Wednesday, February 04, 2009

a rs. 500 laptop? put that in your pipe and smoke it, negroponte :-)

feb 4th, 2009


i don't believe this number of rs. 500 or rs. 1000 either, but hey, that is the trend in hardware these days. will the koreans and taiwanese dump displays at rs. 500 each? they may, if they are running into demand problems. and with linux and no hard disk, maybe a price of rs. 2500 is achievable. that would be great, if it has wifi and gps and a camera and networking built in (actually the ideas for grid computing built into the OLPC are quite good, but i got cheesed off at the aggressive sales tactics esp by negroponte.)

after decades of always having to fork out $1200 for a decent computer (yes, it would do more but the price was always the same), it is good to see netbooks coming in at $299. 

i am thinking of buying a netbook myself. after all, i do much of my browsing on my nokia smartphone already, and i am tired of lugging even a small 12" laptop around. 

i can understand negroponte being peeved but do i feel sorry for him? naaaaah. the guy is a showman. and he sure hasn't been able to get the $100 OLPC going. he did try to make 'mit media lab' a big brand, but it failed as there really wasn't much behind the smoke and mirrors. 

7 comments:

Arvind said...

Neither Negroponte's laptop nor the Indian government's laptop reflect the true cost. Both are intended to depend on government subsidies and are thus fraudulent. Negroponte wanted the World Bank and the governments of third world countries to subsidize his laptop as well as his profits.
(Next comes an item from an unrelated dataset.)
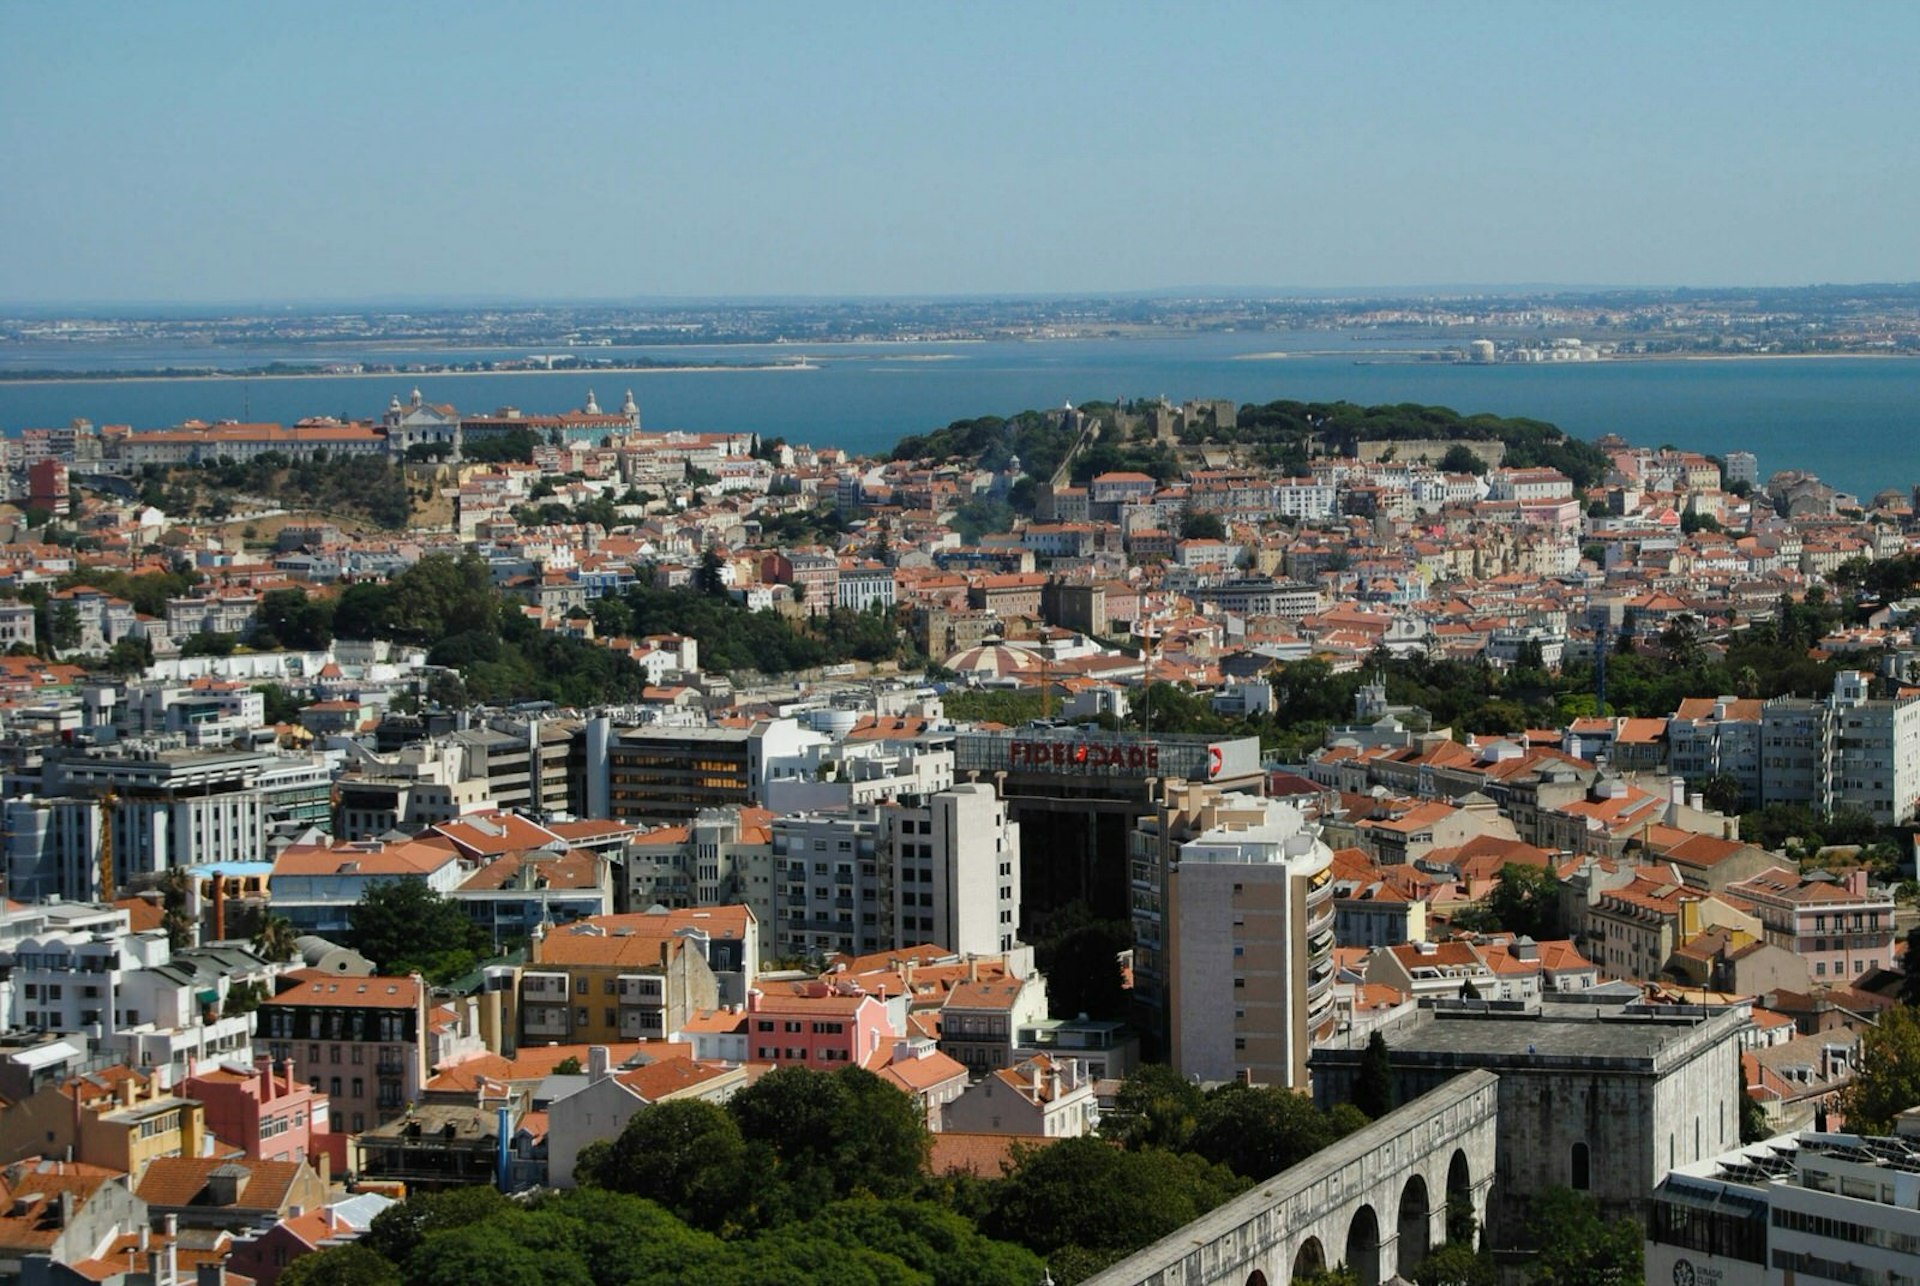 Looking out over Lisbon and the river from the top of Amoreiras Shopping Mall

Both are like that other great fraud that occurred on the same lines - the Simputer which was intended as a $400 gizmo for, hold your breath, the illiterates!

tat_tvam_asi said...

The Simputer was a working handheld. If you consider the chip prices during those days and the fact that the designers did not rely on govt subsidies, it was practical and respectable. I agree it lacked refinement, but otherwise, it was quite good for its time. I am not sure what this $10 brick is supposed to be. You don't get sufficient RAM for $10.

tat_tvam_asi said...

Rajeev,

Some unsolicited advice on netbook shopping. Checkout ASUS 1000HE

http://blog.wired.com/gadgets/2009/02/new-eee-pc-with.html

nizhal yoddha said...

thanks for the suggestion, but i want a netbook with flash memory, not a disk. i want it to be as easy to use and always-on as a smartphone. no bloody booting up time.

Unknown said...

I wish this contreversy sbout $10 laptop could be real.this thing is what i've always dreamt off

Itsdifferent said...

Not sure if kids in India needs a computer or some basic amenities like clean environment, toilets, blackboard, supplies (paper, pencil and crayons) and most importantly teachers with accountability and quality.

Arvind said...

Shankar,

The problem with the Simputer was not the technology, but the target consumer base. Their consumers were supposed to be the ILLITERATES. Since the illiterates cannot use a keyboard, they would give voice commands! That was the silly premise of the Simputer. And the second premise was that since the target consumer base was the slum-dweller who couldn't afford it, someone will have to pay for it and why not fleece the taxpayer?